Wie schützt die SA-Konsensmechanik von Dusk Network wirklich gegen Front-Running? Ich habe die Validator-Daten durchforstet und ein paar Details gefunden

Kürzlich ist die Staking-Rate von @Dusk auf über 60 % gestiegen, Validatoren warten in der Warteschlange auf den Einstieg. Das hat meine Neugier geweckt. Ehrlich gesagt gibt es zwar viele Privacy-Chains, aber nur wenige, die Ant-MEV wirklich in die Konsensschicht schreiben. Der Kern des SA-Konsenses ist die blinde Auswahl der Validatoren: Knoten reichen Zero-Knowledge-Proofs ein, um zu beweisen, dass sie berechtigt sind, Blöcke zu erzeugen, aber niemand weiß, wer konkret dahintersteckt. Front-Running-Bots können den nächsten Blockproduzenten nicht einmal festnageln – Sandwich-Angriffe sind damit natürlich kaum einsetzbar. Das ist nicht dasselbe wie bei Ethereum mit PBS: Bei PBS werden Builder und Proposer getrennt, die Identität bleibt öffentlich, und große Mining-Pools könnten weiterhin gezielt bestochen werden.
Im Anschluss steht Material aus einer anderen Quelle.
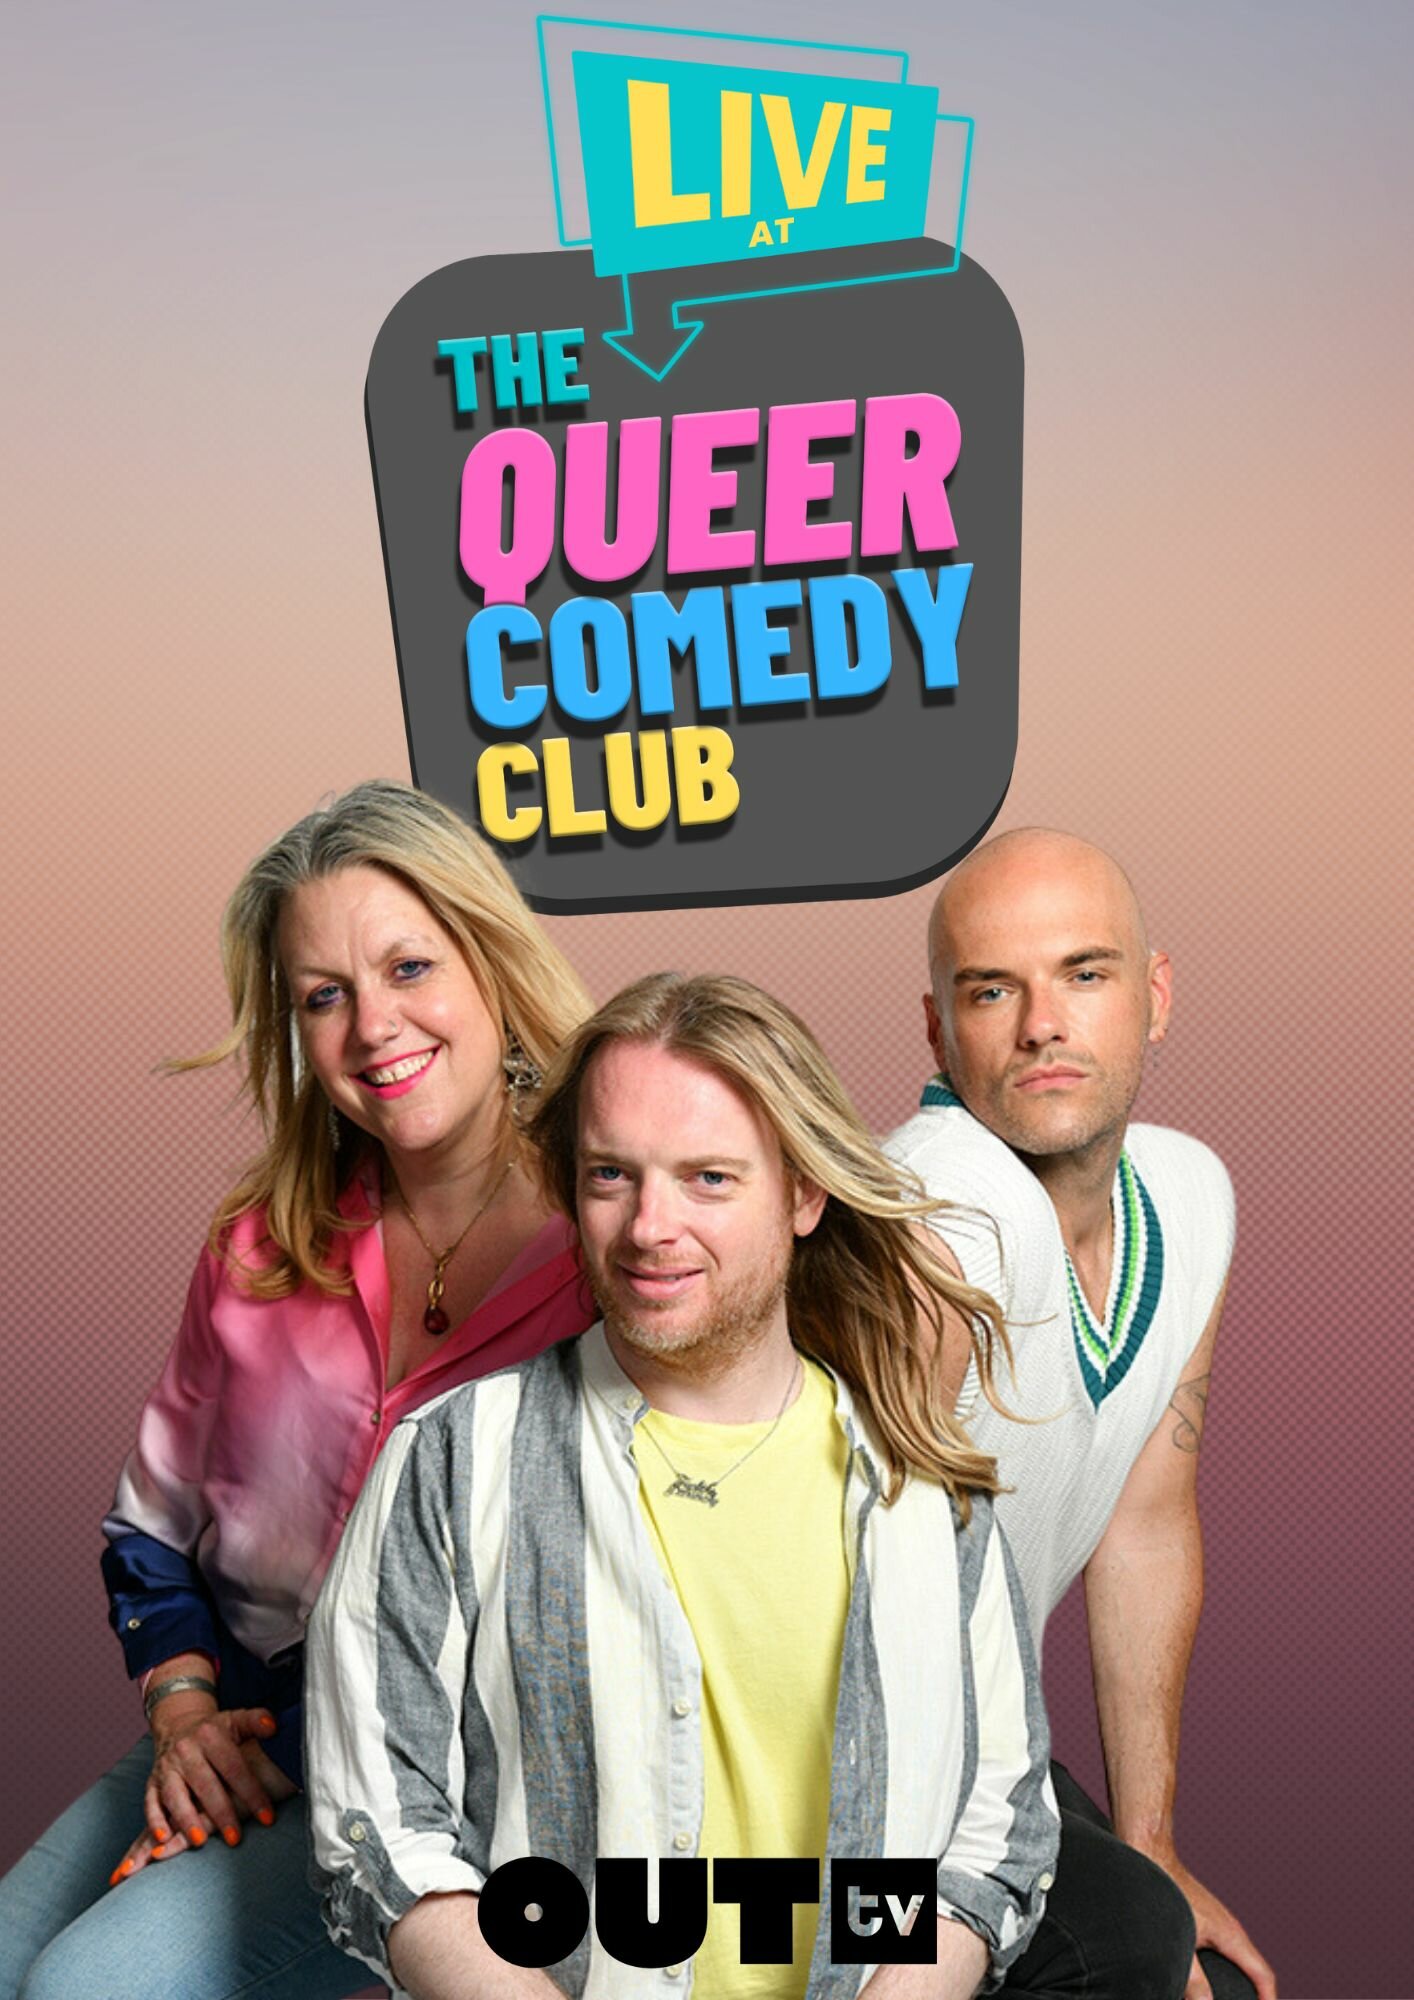 Live at the Queer Comedy Club ne zaman

Die zirkulierende Marktkapitalisierung von DUSK liegt grob bei etwa 35 Millionen US-Dollar (Stand: 17. August 2026 nach Binance-Kursen), die gestakte Jahresrendite schwankt um rund 15 %, und es gibt über 120 Validatoren – das Ökosystem ist noch in einer frühen Phase. Das Blind-Selection-Mechanismus reduziert zwar das Platzangebot für Front-Running, ist aber kein „wasserdichtes“ Konzept: Er hängt von der Sicherheit der Zero-Knowledge-Proof-Parameter und dem Schlüsselmanagement ab. Wenn in der Initialisierungsphase etwas schiefgeht, bleibt trotzdem Spielraum für Betrug. Werden Institutionen Transaktionen wirklich hochladen, nur weil Ant-Front-Running und Privacy quasi ein doppelter Vorteil sind? Diese Frage kann bisher niemand mit voller Überzeugung beantworten.